- SOURCE MATERIAL -
○ ○ ○ ○
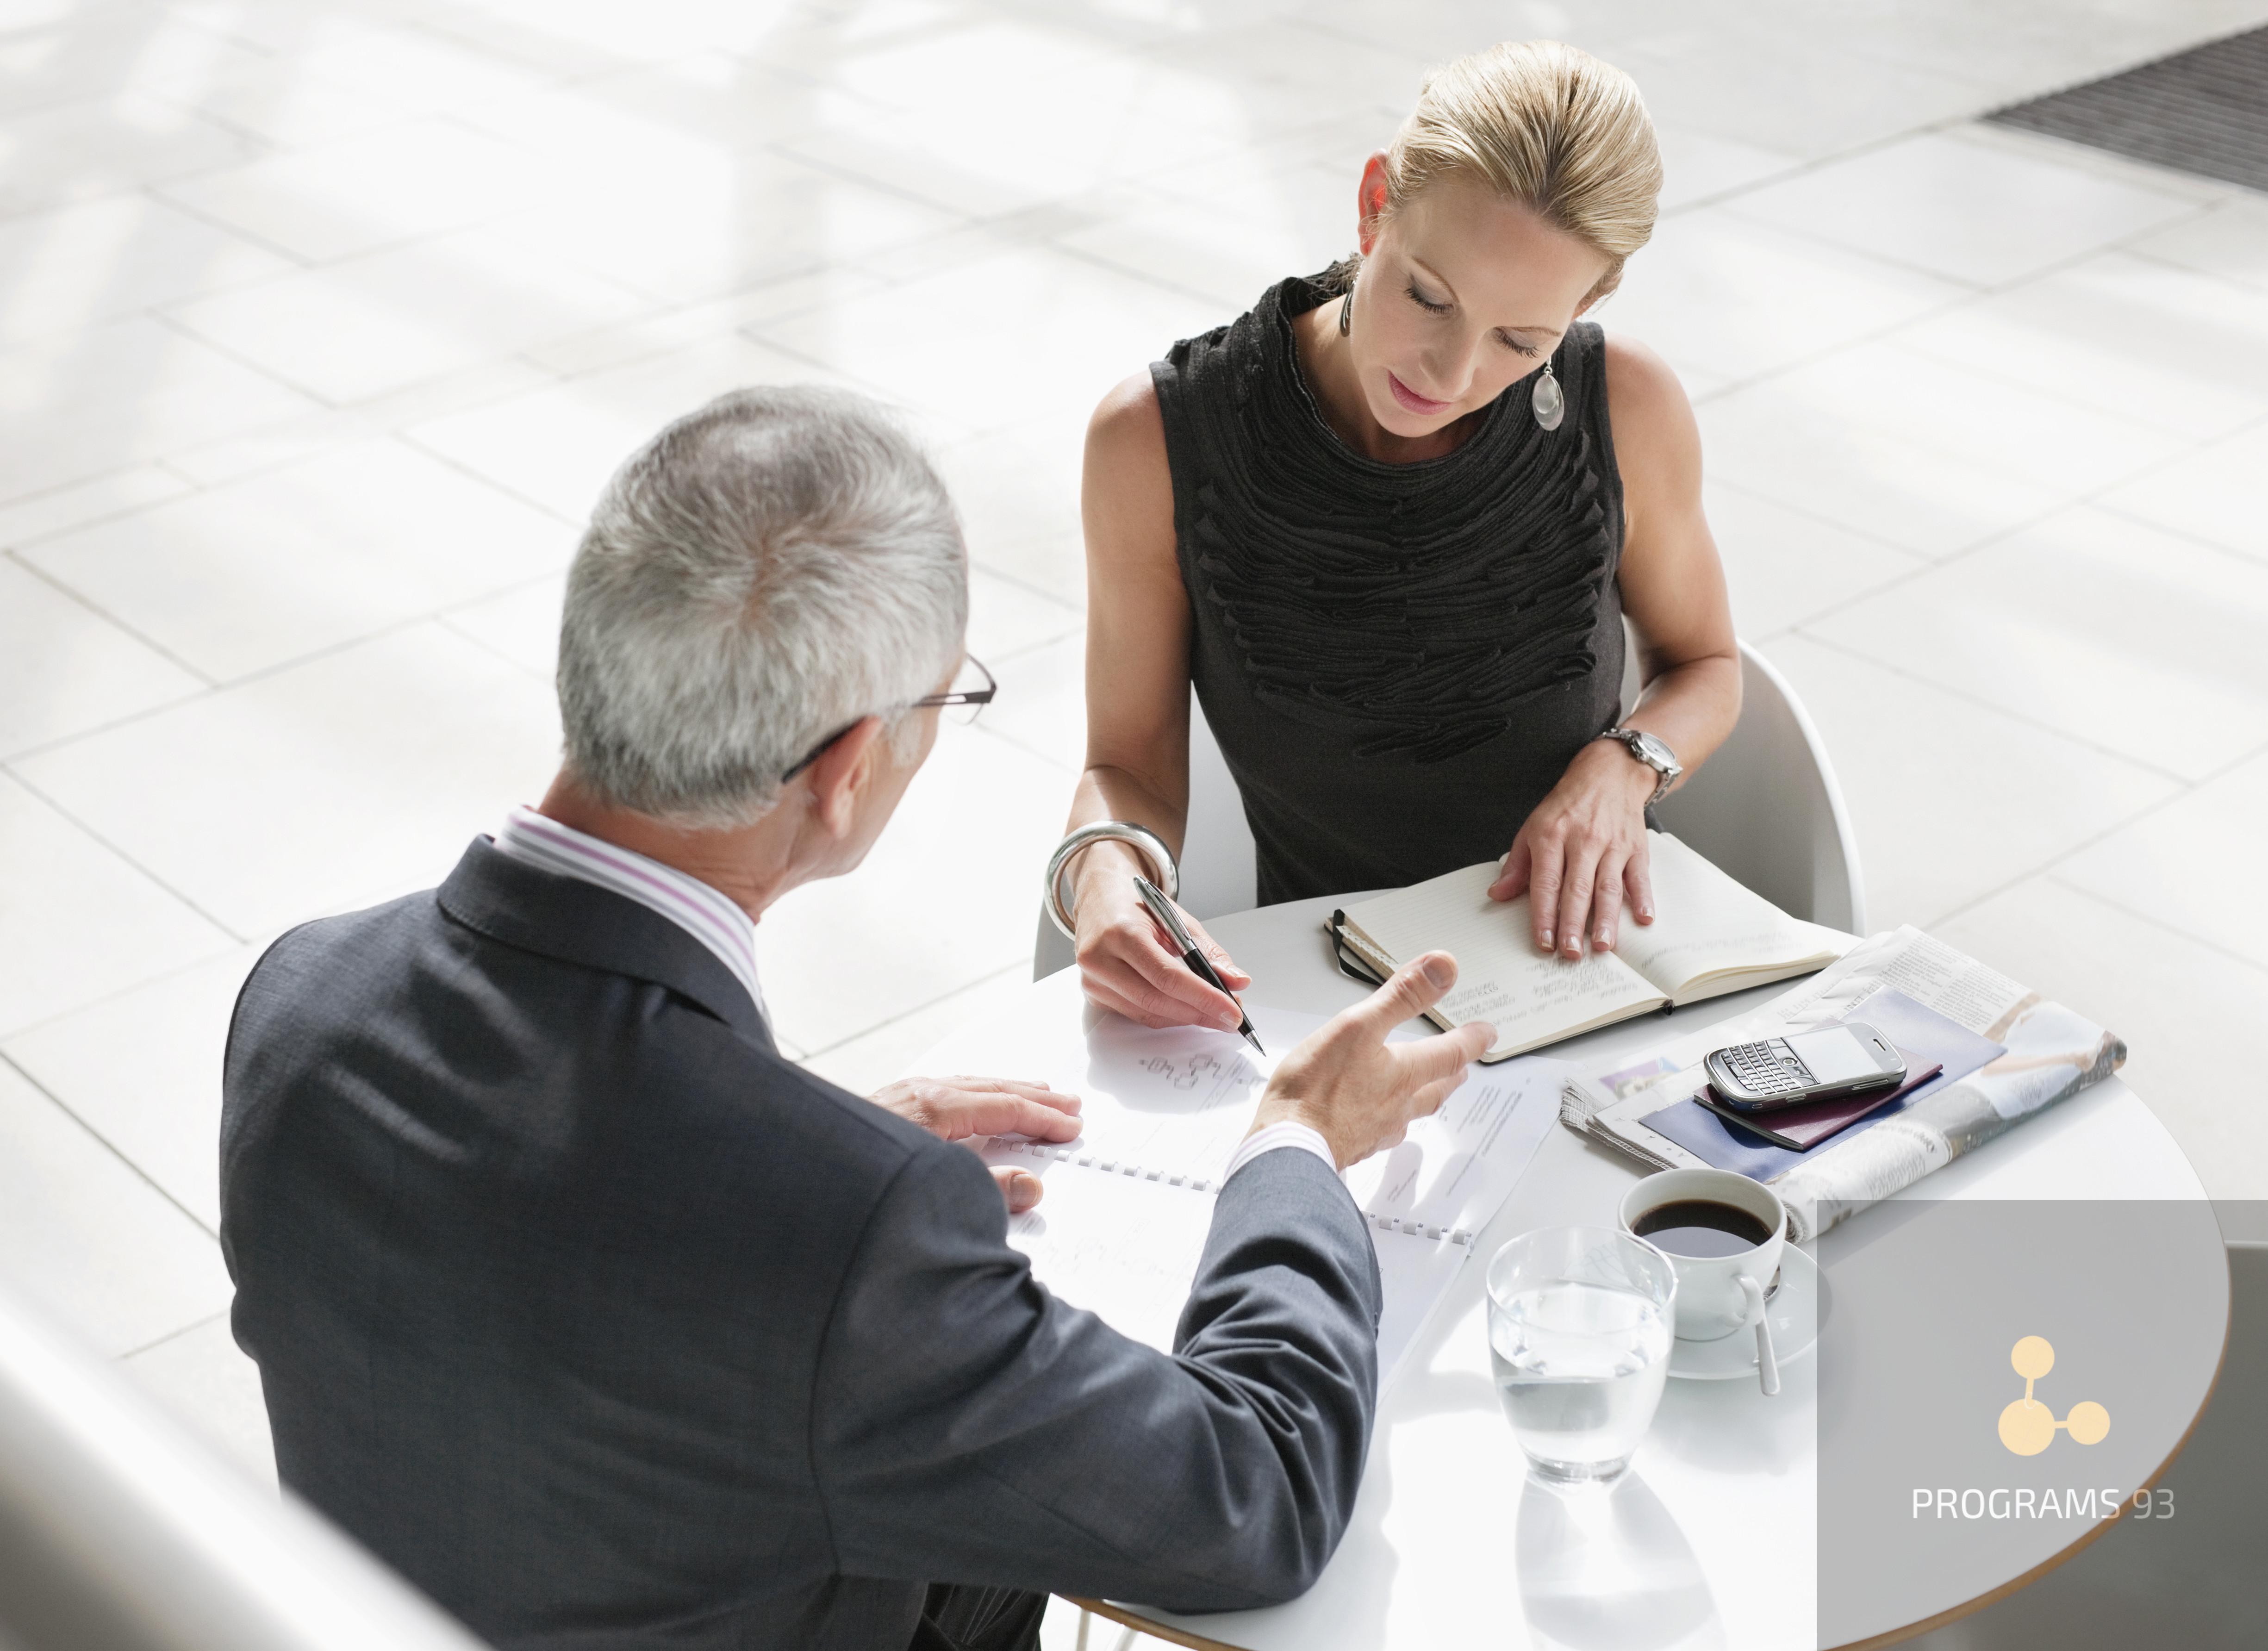 Налогообложение аренды жилья для сотрудников организации: особенности и варианты
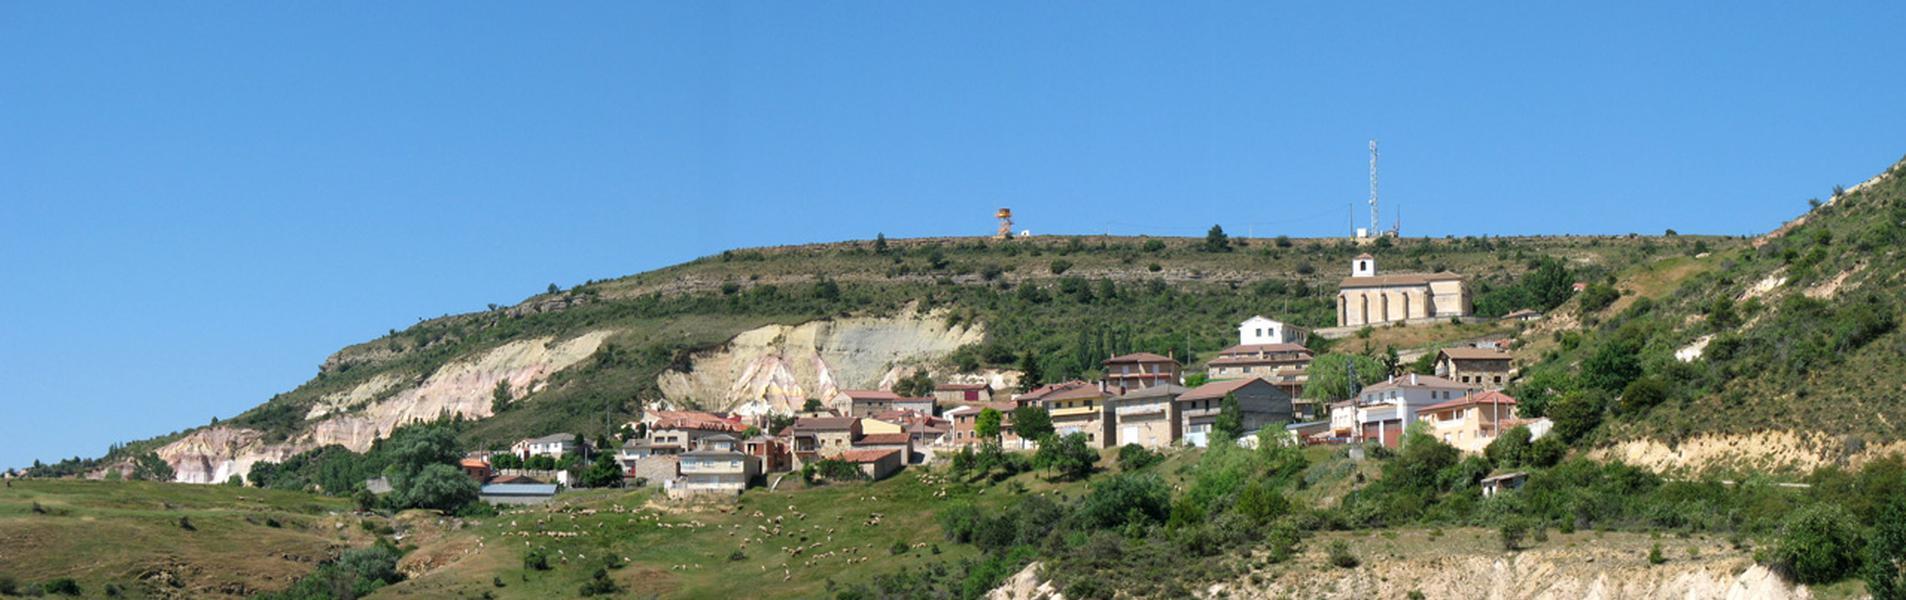 Peñalén
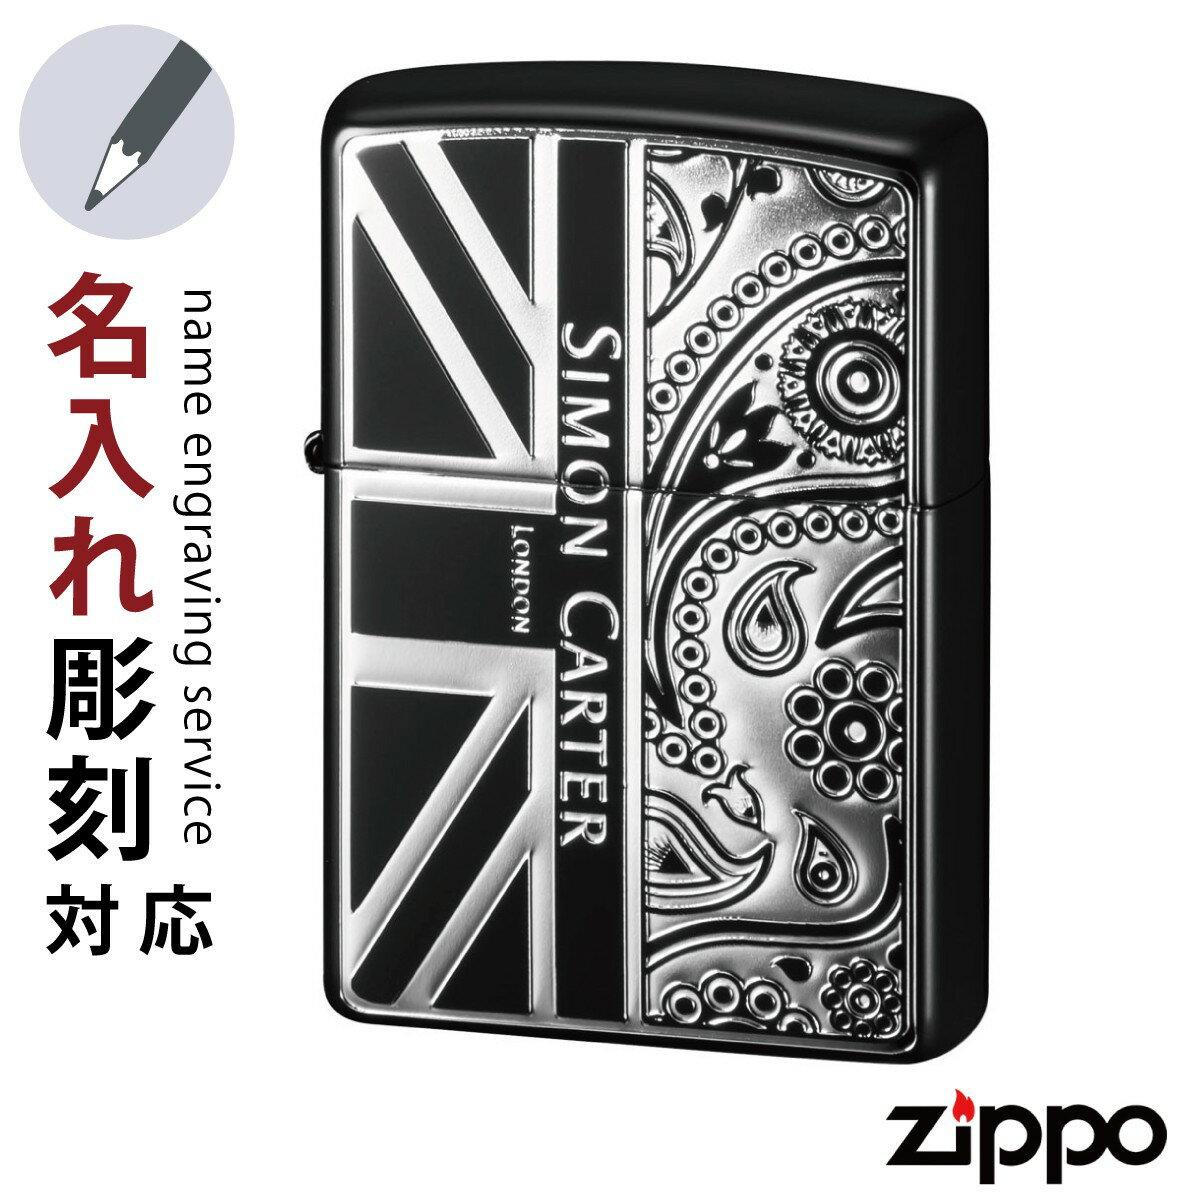 Zippo ジッポー 名入れ 彫刻 Zippoライター ジッポライター 200 サイモンカーター UJペイズリーIB 名入れ ギフト クリスマス ギフト プレゼント 贈り物 喫煙具
○ ○ ○ ○
- WHAT TO WORK ON -
All of the preceding material should be output verbatim, with the pictures excluded.

- RESPONSE BOX -
 Налогообложение аренды жилья для сотрудников организации: особенности и варианты
 Peñalén
 Zippo ジッポー 名入れ 彫刻 Zippoライター ジッポライター 200 サイモンカーター UJペイズリーIB 名入れ ギフト クリスマス ギフト プレゼント 贈り物 喫煙具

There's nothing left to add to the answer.